פסח שני

Les sept semaines du Omer correspondent aux sept middot, les sept attributs émotionnels des sefirot : Hessed (la bonté), Gvoura (la rigueur), Tiferet (l’équilibre entre les deux précédentes), Netsa’h, Hod, Yessod et Malkhout

Les trois premières semaines représentent respectivement Hessed, Gvoura et Tiferet, tandis que la quatrième et la cinquième correspondent à Netsa’h et Hod. Or, Pessa’h Cheni tombe toujours au début de la semaine de Hod — ce n’est pas un hasard, et il convient d’en explorer le sens profond. 

Netsa’h désigne une bonté qui passe par la rigueur — par exemple, faire souffrir un juste dans ce monde afin de le purifier pour l’Olam Haba. Hod, quant à lui, est l’inverse : c’est une forme de rigueur qui prend l’apparence d’une bonté — comme lorsqu’on récompense un racha dans ce monde, pour l’exclure du monde futur. Pourtant, cette générosité apparente vise à provoquer chez lui un sursaut, une prise de conscience. L’excès de matérialité est là pour qu’il réalise qu’il se détruit, et qu’il revienne, de lui-même, vers Hachem — à l’image de Rabbi Elazar ben Dordaya, dont la téchouva est née du constat qu’il avait touché le fond. 

C’est pourquoi Hod est lié au mot Hodaa — l’aveu, la reconnaissance, la soumission volontaire. Là où Netsa’h impose par la force, Hod cherche à faire émerger la soumission de l’intérieur. Et cela est infiniment plus grand. C’est dans cet esprit que nous prions : « Vehareshaa koula keachane tikhlé » — que le mal se dissipe comme la fumée, doucement, naturellement, sans violence. La fumée ne s’éteint pas sous la contrainte, elle s’élève puis disparaît d’elle-même. 

Hod est donc aussi associé à la lumière : celle qui fait briller les ténèbres elles-mêmes. Cette midda est incarnée par Aharon, qui allumait la ménora, cette flamme spirituelle nourrie d’huile matérielle.
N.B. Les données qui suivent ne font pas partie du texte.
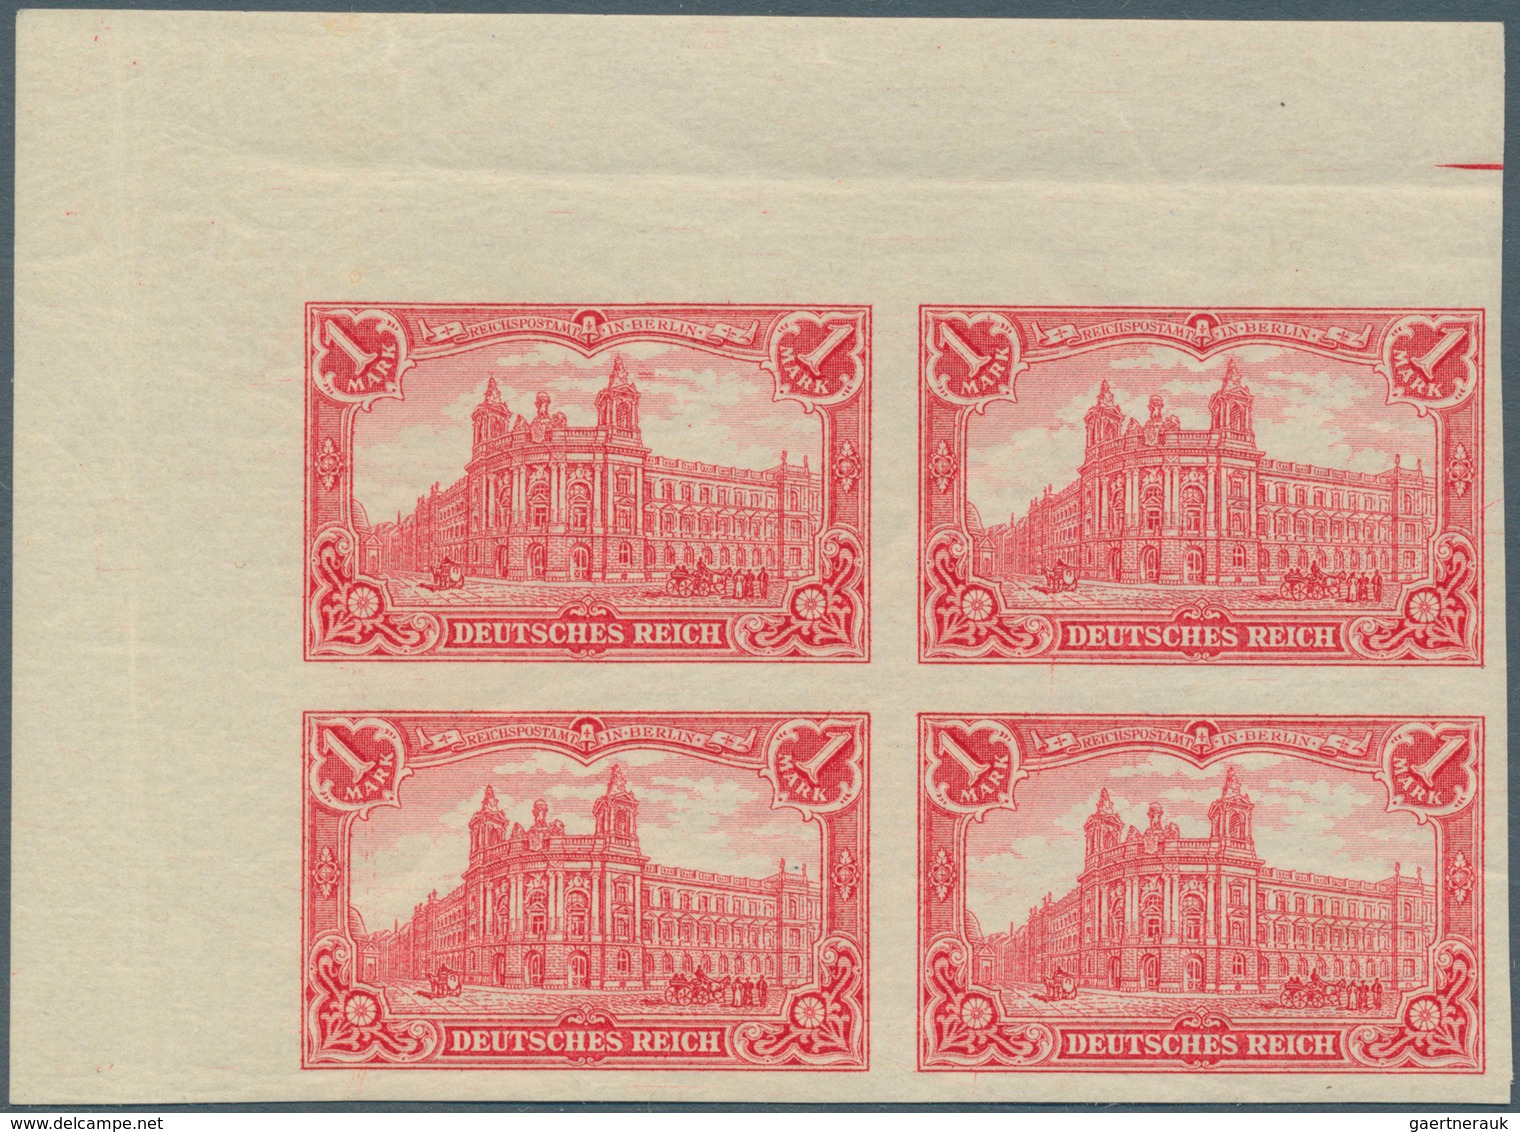 Deutsches Reich - Germania: 1902, Germania 1-5 Mark, dabei die 2 Mark mit lateinischer Inschrift, al

Aharon savait approcher le racha avec douceur, ce qui faisait naître en lui de la honte… et le ramenait, de lui-même, vers la lumière. 
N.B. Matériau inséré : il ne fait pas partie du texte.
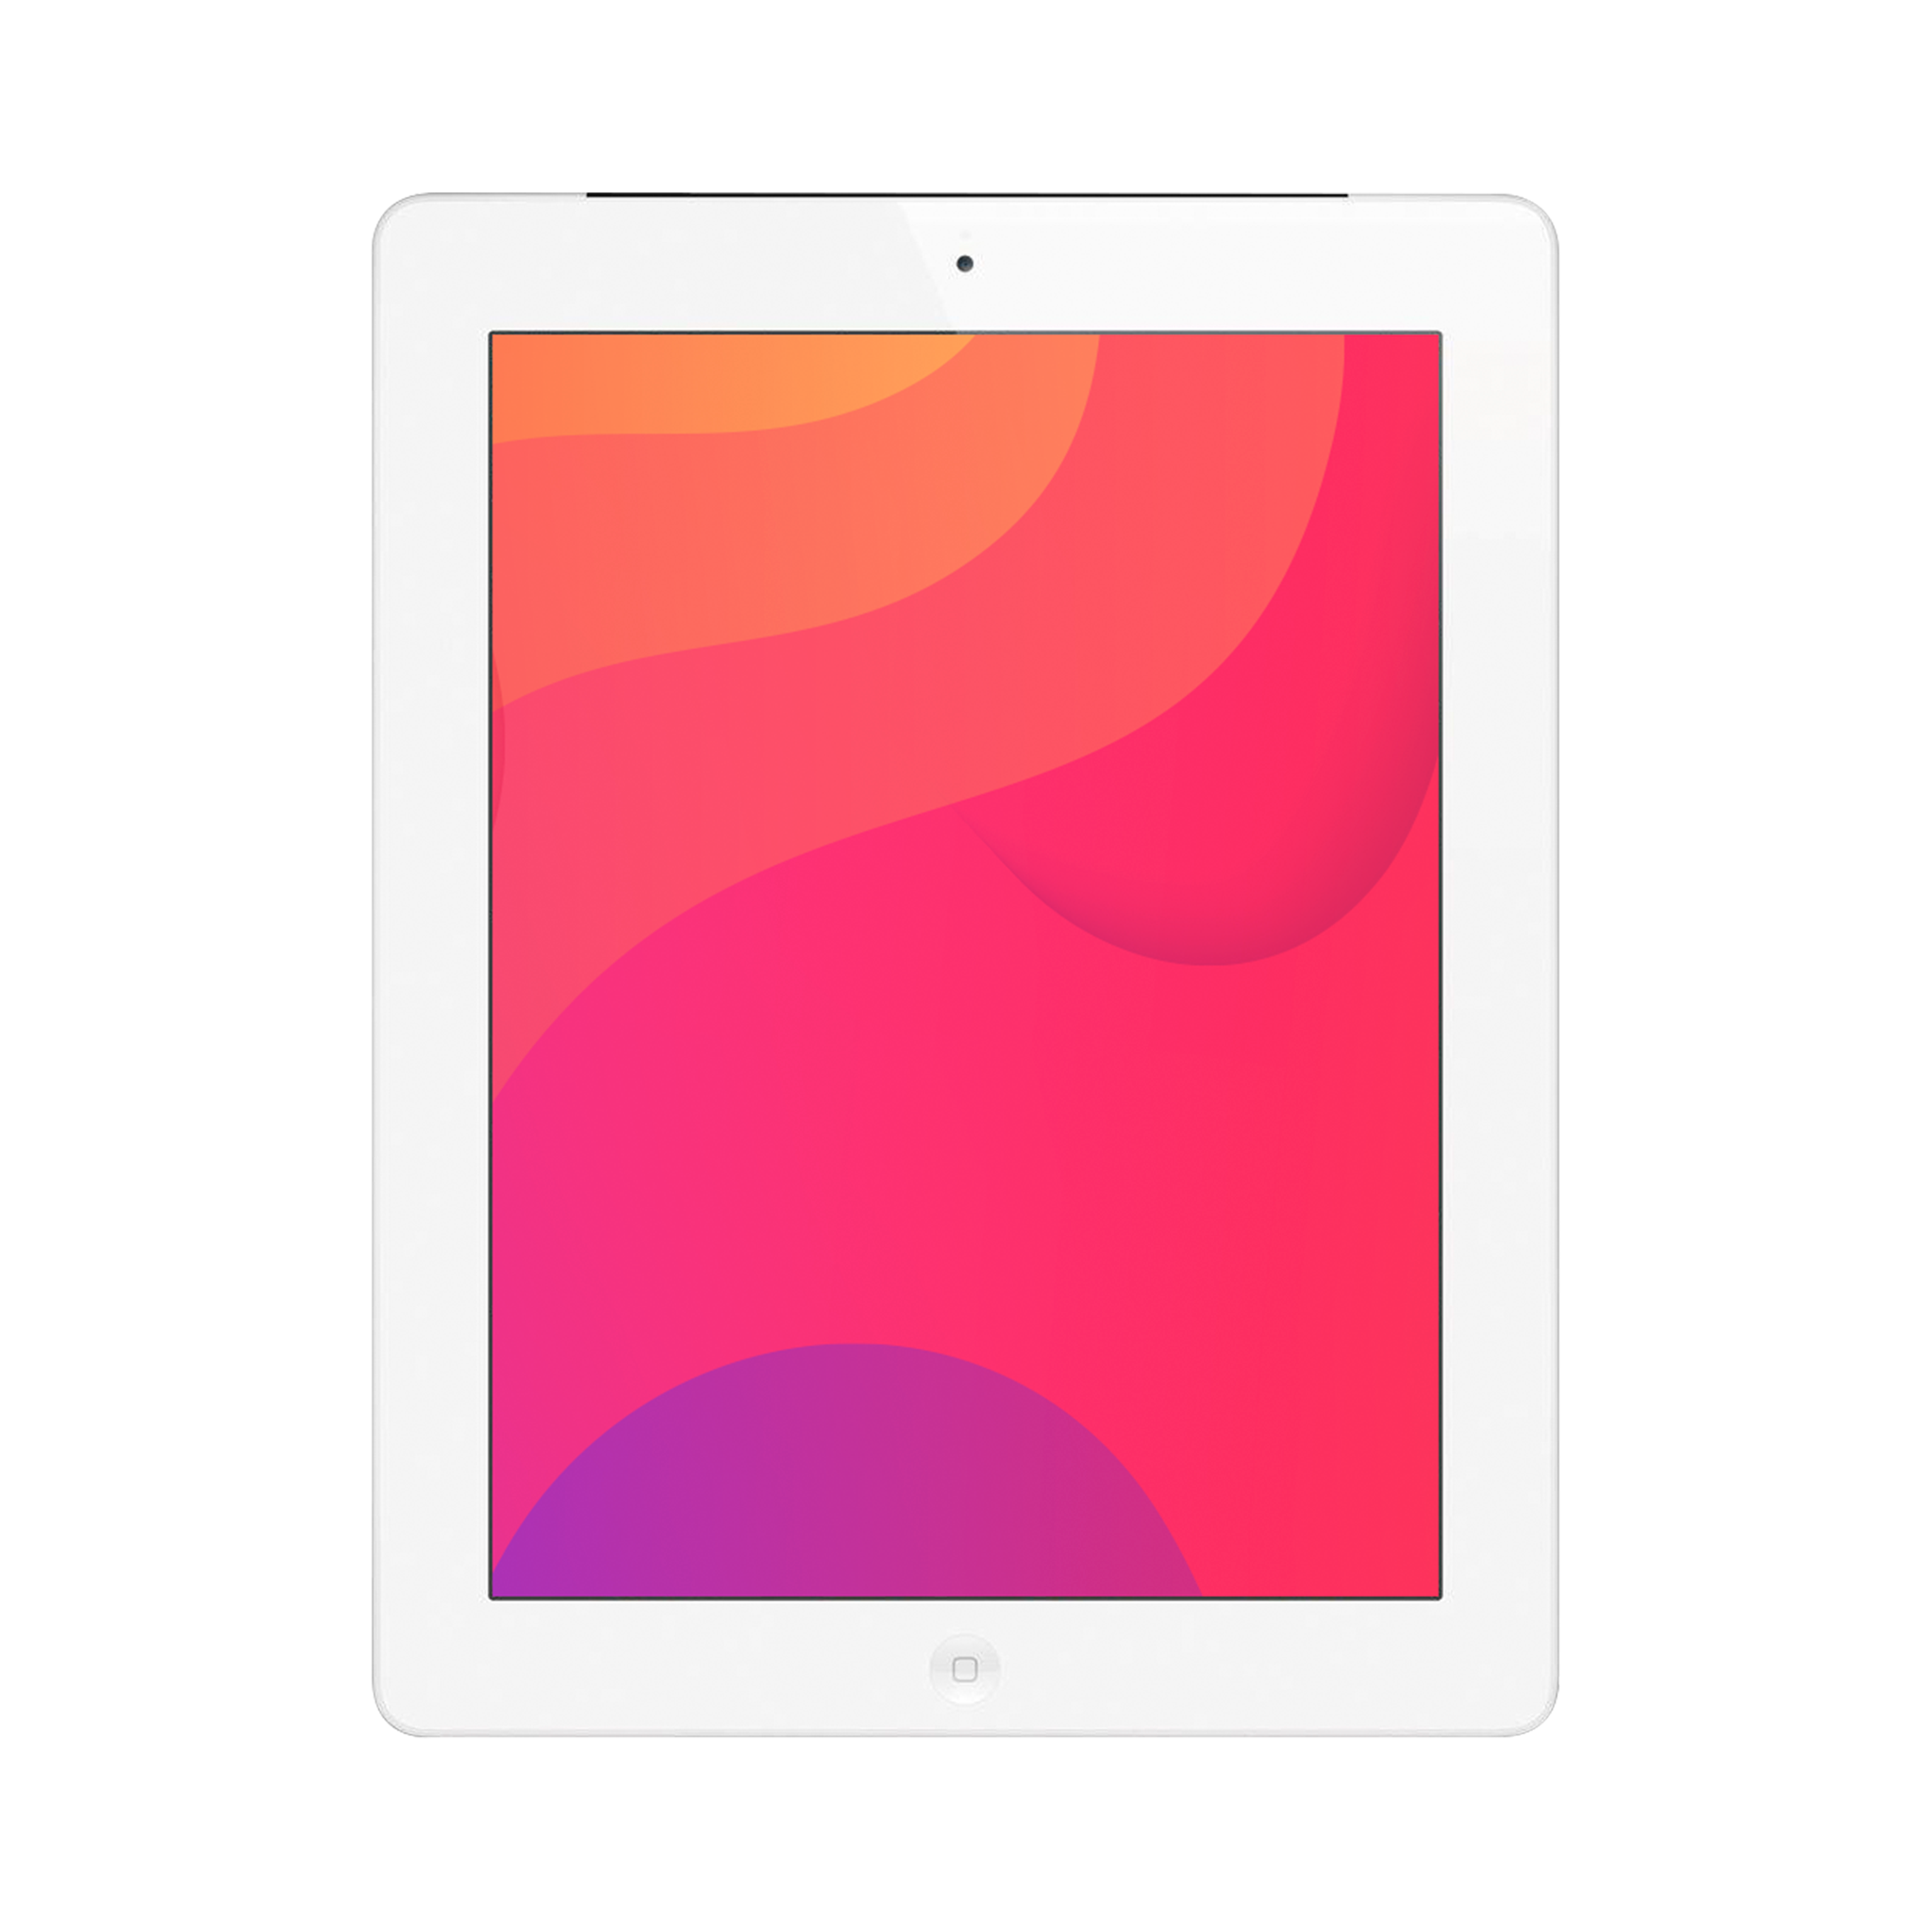 Apple iPad 2 (Wi-Fi Only) 16GB Silver

De même, si Pessa’h est une délivrance descendue d’en haut, un acte divin miraculeux, Pessa’h Cheni, lui, naît d’une requête humaine (de ceux qui, impurs n’avaient pu participer au korbane pessah’) : « Lama nigara ? » — « Pourquoi serions-nous exclus ? » C’est l’expression même de la midda de Hod : une aspiration spontanée, sincère, des créatures qui veulent, de leur propre chef, s’attacher à la lumière divine. Et comme Hod vise à susciter une hodaa (reconnaissance) chez l’homme, la hodaa de l’homme provoque en retour celle d’Hachem — qui répond à leur appel et instaure Pessa’h Cheni

Notons enfin que Lag BaOmer, qui marque la hiloula de Rabbi Chimon bar Yohaï, tombe lui aussi durant la semaine de Hod. Ce n’est pas un hasard : Rabbi Chimon est celui qui nous a légué le Zohar haKadoch, lumière divine capable de transformer l’obscurité elle-même en clarté, et de dévoiler que, dans les profondeurs les plus sombres, brille déjà la lumière de l’Éternel.